Reputation:
I have the following grammar.
meta : '<' TAG attribute* '>';
attribute : NAME '=' VAL;
TAG : [A-Z0-9]+;
NAME : [A-Z_-]+;
VAL : '"'.*?'"';
I want to match the below string.
<META HTTP-EQUIV="Content-Type" CONTENT="text/html; charset=UTF-8">
But I am getting the following error.
ParseError extraneous input 'CONTENT' expecting {'>', NAME} clj-antlr.common/parse-error (common.clj:146)
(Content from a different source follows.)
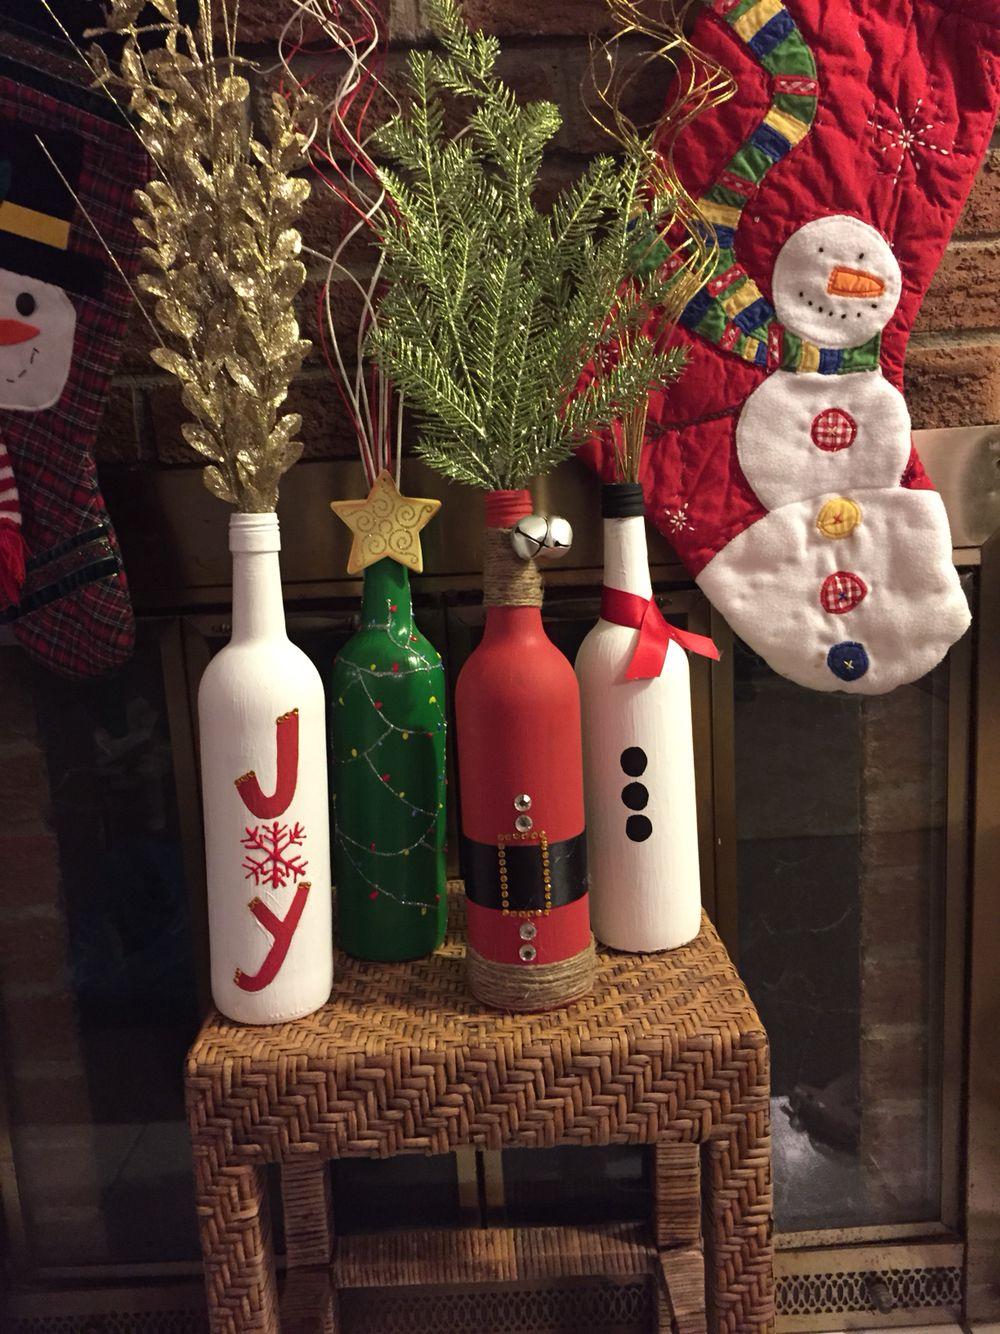 Diy Christmas Wine Bottles Christmas Decor Holiday Decorations Holiday Wine Bottles Diy Diy Bottle Crafts Holiday Wine Bottles

I am able to parse with one attribute.
<META HTTP-EQUIV="Content-Type">
How to parse repeated attributes? Giving attribute*
has no effect.
Update: It's actually caused by the lexer. If I combine TAG
and NAME
then it works.
meta : '<' NAME attribute* '>';
NAME : [A-Z0-9_-]+;
But I don't want to have NAME
to contain numbers. Is there a way to make this work?
Upvotes: 0
Views: 343
Reputation: 3516
You can use two independent lexer rules and then use a parser rule to combine them respectively
ID: [A-Za-z]+ ;
NUMBER: [0-9]+ ;
tag: ID+ tag? | NUMBER+ tag? ;
name: ID+ name? | ('_' | '-')+ name?
If you have problems with whitespace between the elements being ignored you can use a different channel for it an enable it only in the above parser rules... It might even work to define the above parser rules as lexer rules but I'm not sure of that...
Upvotes: 1